The Rev. Canon Andrew Asbil thanks the Bishop's Company.
The Rev. Canon Andrew Asbil thanks the Bishop’s Company.

Canon Asbil spoke about how Archbishop Colin Johnson and the Bishop’s Company helped him after he learned that his sister-in-law had been critically injured during a vacation in Europe. After receiving a frantic call from his brother in Austria, he contacted Archbishop Johnson, who provided him with the time and funds to travel to Austria to support his brother and sister-in-law, who was in an induced coma.  

“Don’t ever underestimate the power of the Bishop’s Company to be a vessel of hope for men and women and children and clergy like me who find themselves in a dangerous position and don’t think they have options,” said Canon Asbil. With the help of a retired bishop, Canon Asbil’s sister-in-law was able to be flown back to Canada and to receive the care of a neurosurgeon here.

Enjoying the reception at Holy Trinity, Trinity Square.
Enjoying the reception at Holy Trinity, Trinity Square.
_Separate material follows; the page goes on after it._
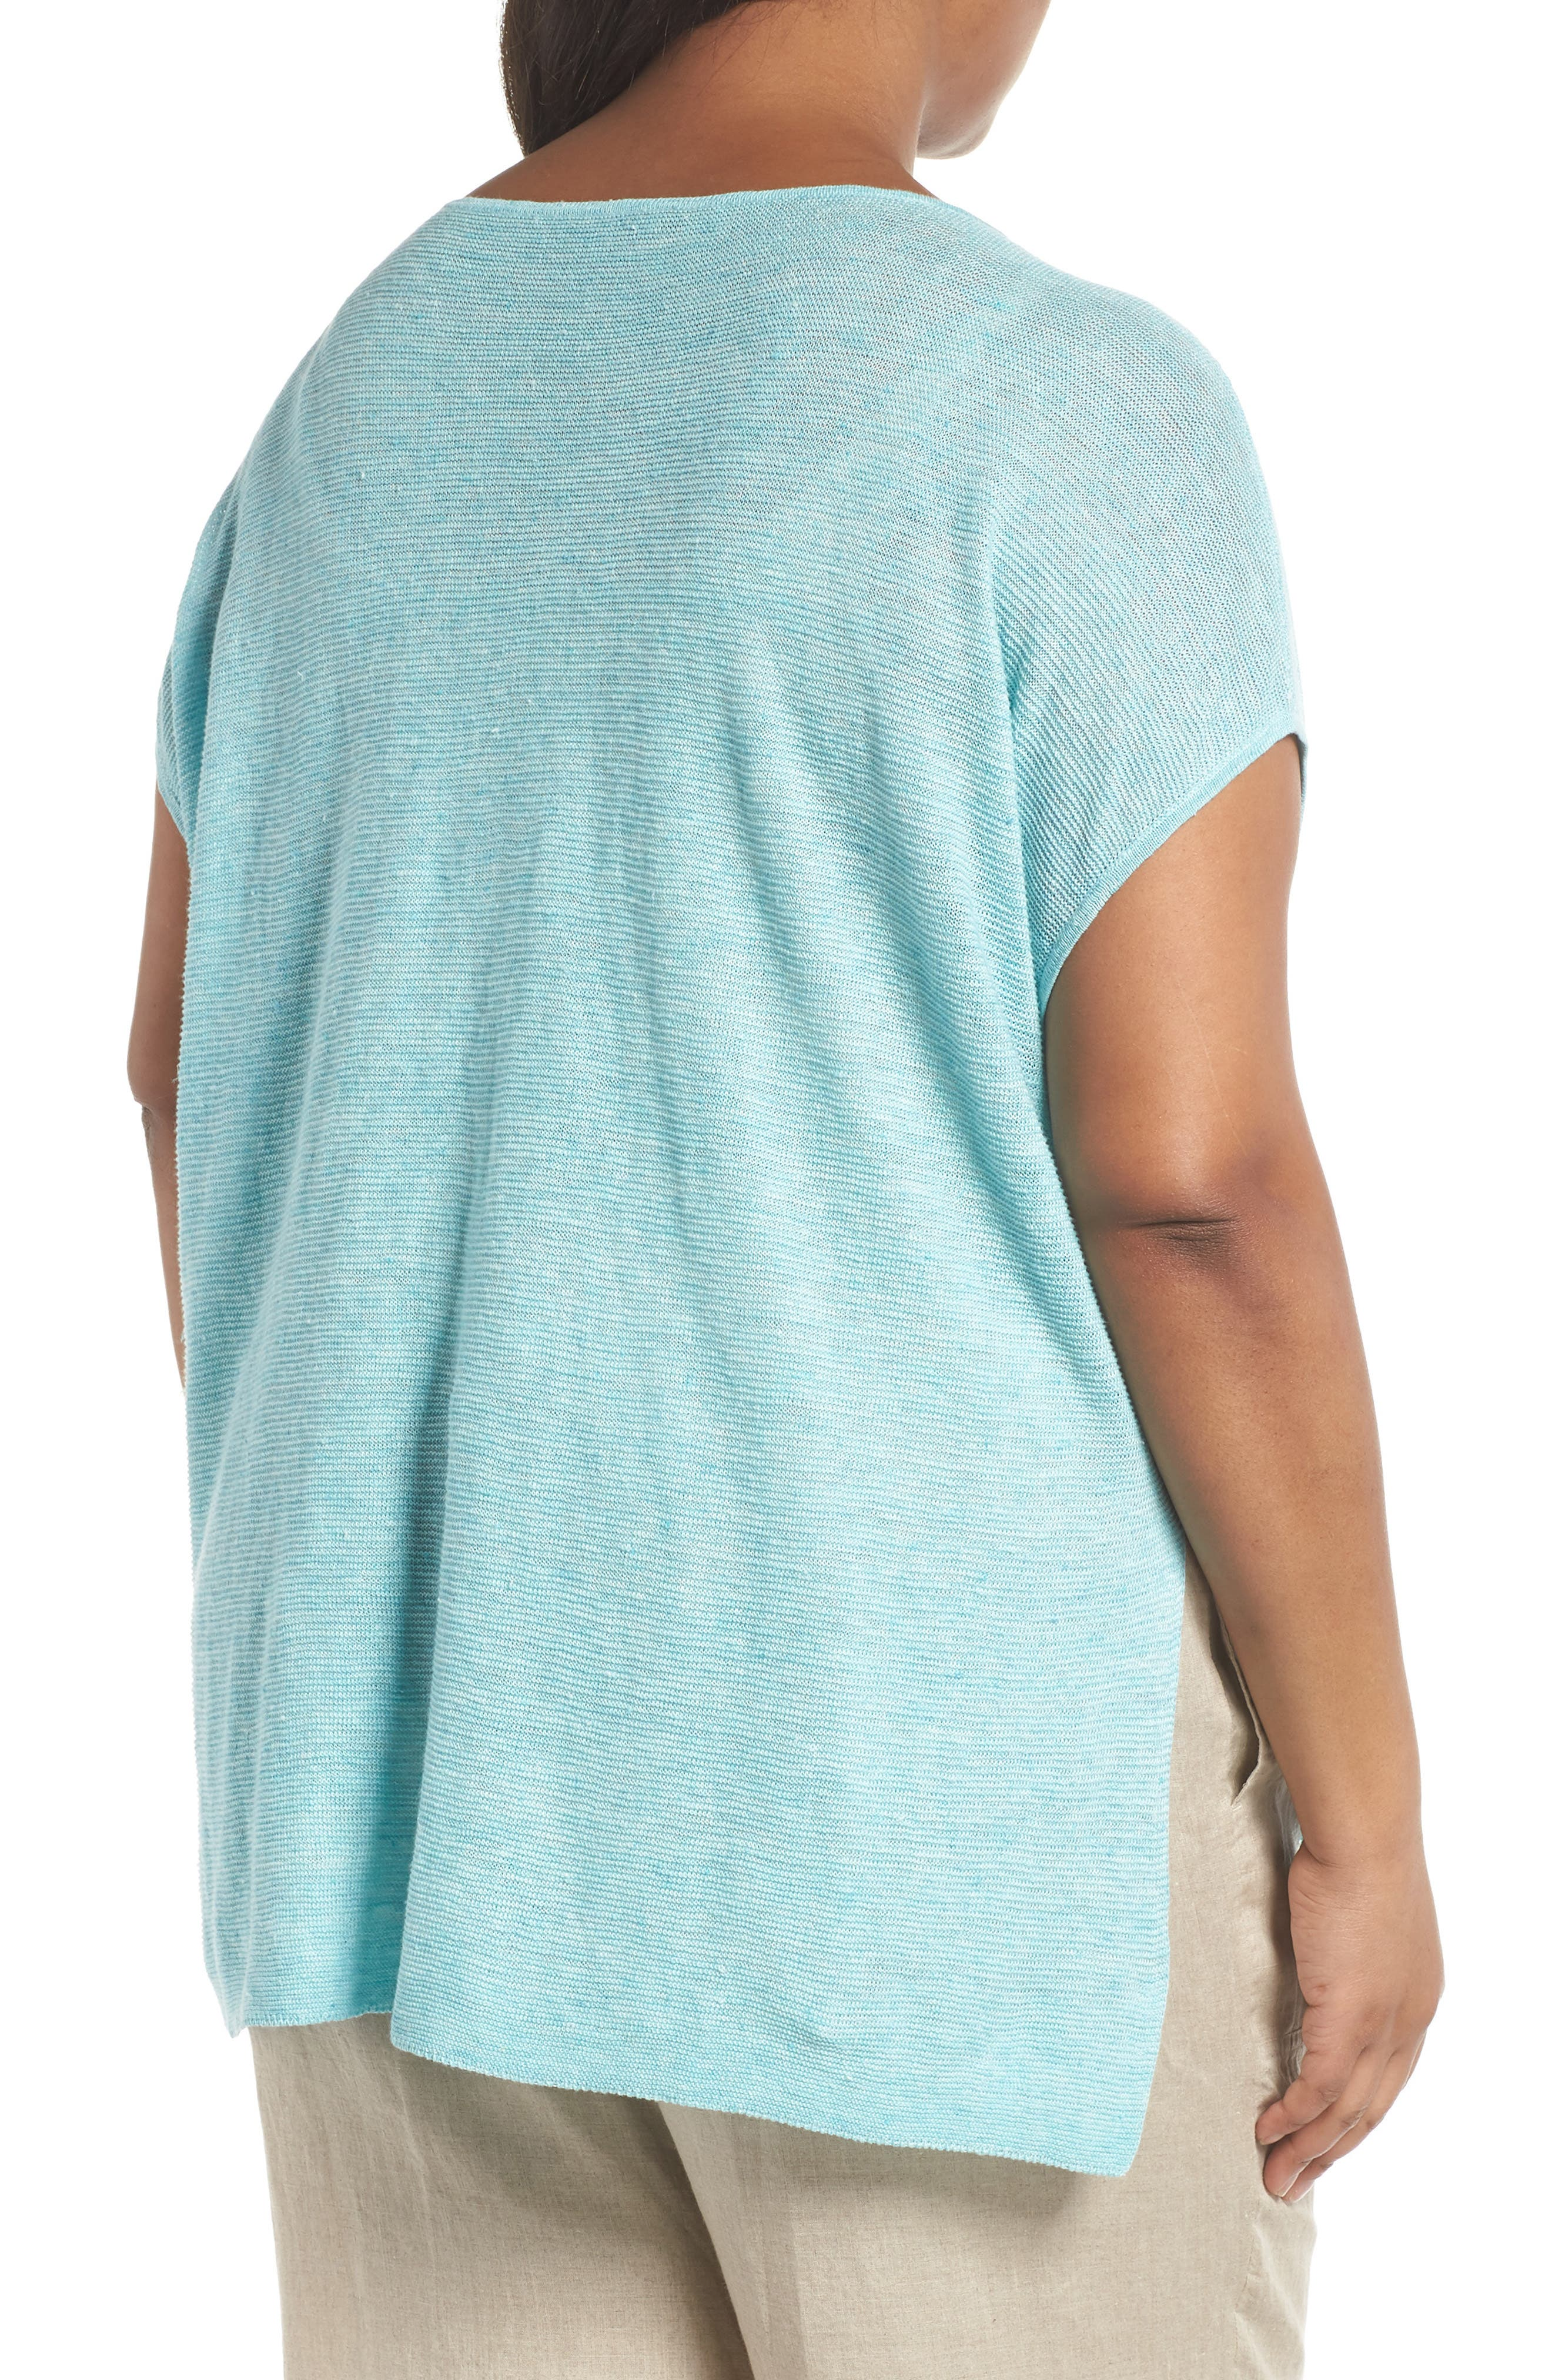 Organic Linen Poncho,                             Alternate thumbnail 2, color,                             Pale Turquoise

As in previous years, scholarship recipients were announced at the dinner. Leonard Leader and Antoine Rutherford received the Terence and Alice Jean Finlay Bursary, which is given to two students, one each from Trinity and Wycliffe colleges, who are engaged in studies that celebrate and enhance the understanding of the diversity of the church. Kenneth McClure was awarded the Kirubai Scholarship, given to a Trinity College divinity student who is specializing in liturgy and worship. Irina Dubinski received the William Kay Bursary, which aids students who are engaged in theological education that will lead to ordination. The Rev. Valerie Michaelson and the Rev. Daniel Graves received the George & Eileen Carey Bursary, awarded to Anglicans pursuing post-graduate theological studies.